In [1]:
# !pip install gymnasium renderlab
# !pip install opencv-python
# !pip install pygame

In [2]:
import gymnasium as gym
import random
from IPython.display import clear_output
%config NotebookApp.iopub_msg_rate_limit=10000
import time

In [3]:
#visualise maze:
rfpMaze = ["SFFF", "FHHH", "FFFF", "HFHF", "FFGF"]
maze1 = ["SFFH", "FHHF", "FHFG", "FFFH", "HFHH"]

desc = rfpMaze
mazeSize = [len(desc),len(desc[0])]

statePositions = [[] for _ in range(mazeSize[0])]
stateNum = 0
for i in range(mazeSize[0]):
    for j in range(mazeSize[1]):
        statePositions[i].append(stateNum)
        stateNum += 1
        

        
giftState = -1
gift_found = False
for i in range(len(desc)):
    if gift_found:
        break
    for j in range(len(desc[i])):
        giftState += 1
        if desc[i][j] == 'G':
            gift_found = True
            break
            
print(giftState)
print(statePositions)

env = gym.make('FrozenLake-v1', desc=desc, map_name="5x5", is_slippery=False, render_mode="human") 

18
[[0, 1, 2, 3], [4, 5, 6, 7], [8, 9, 10, 11], [12, 13, 14, 15], [16, 17, 18, 19]]


In [45]:
def resetTable():
    global qTable_1
    qTable_1 = {}
    for i in range(mazeSize[0]*mazeSize[1]):
        qTable_1[i] = [0,0,0,0] 
    global currentState
    currentState = 0
    
def getPosition(state):
    for i in range(len(statePositions)):
        for j in range(len(statePositions[i])):
            if statePositions[i][j] == state:
                return i, j
            
def calcReward(state, nextState):
    y1, x1 = getPosition(state)
    y2, x2 = getPosition(nextState)
    y3, x3 = getPosition(giftState)
    
    currentDist = (((y3 - y1)**2)+((x3 - x1)**2))**0.5
    nextDist = (((y3 - y2)**2)+((x3 - x2)**2))**0.5
    
    changeInDist = currentDist-nextDist
    return changeInDist
#     if changeInDist > 0:
#         return changeInDist/2
#     else:
#         return changeInDist

def calcPossibleMoves(state):
    global qTable_1
    possibleMoves = []
    
    if state == 0:
        return [1,2]
    
    if (state+1) % mazeSize[1] != 0:
        possibleMoves.append(2)
        
    if (state+1) % mazeSize[1] != 1:
        possibleMoves.append(0)
        
    if state > (mazeSize[1]-1):
        possibleMoves.append(3)
    
    if state < ((mazeSize[0] * mazeSize[1]) - mazeSize[1]):
        possibleMoves.append(1)
        
    return possibleMoves

def nextStep(state):
    global qTable_1
    possMoves = calcPossibleMoves(state)
    
    if random.random() < epsilonValue:
        nextMove = random.choice(possMoves)
    else:
        qValues = {}
        for move in possMoves:
            qValues[move] = qTable_1[state][move]

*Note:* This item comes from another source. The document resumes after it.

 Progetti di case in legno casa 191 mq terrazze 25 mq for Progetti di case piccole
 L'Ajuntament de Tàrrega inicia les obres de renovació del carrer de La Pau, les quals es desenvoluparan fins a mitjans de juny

        maxValue = max(qValues.values())
        minValue = min(qValues.values())
        count_max = sum(1 for value in qValues.values() if value == maxValue)
        count_min = sum(1 for value in qValues.values() if value == minValue)

        if count_max > 1 and count_max < len(possMoves):
            nextMove = random.choice([move for move in possMoves if qValues[move] != minValue])
        elif count_max == len(possMoves):
            nextMove = random.choice(possMoves)
        else:
            nextMove = max(qValues, key=qValues.get)
    return nextMove

def pathFound():
    currentState = 0
    for i in range(mazeSize[0]*mazeSize[1]-1):
        bestDirection = None
        if max(qTable_1[currentState]) > 0:
            bestDirection = qTable_1[currentState].index(max(qTable_1[currentState]))
        newState = 0
        if bestDirection == 0 and 0 in calcPossibleMoves(currentState):
            newState = currentState - 1
        elif bestDirection == 1 and 1 in calcPossibleMoves(currentState):
            newState = currentState + mazeSize[1]
        elif bestDirection == 2 and 2 in calcPossibleMoves(currentState):
            newState = currentState + 1
        elif bestDirection == 3 and 3 in calcPossibleMoves(currentState):
            newState = currentState - mazeSize[1]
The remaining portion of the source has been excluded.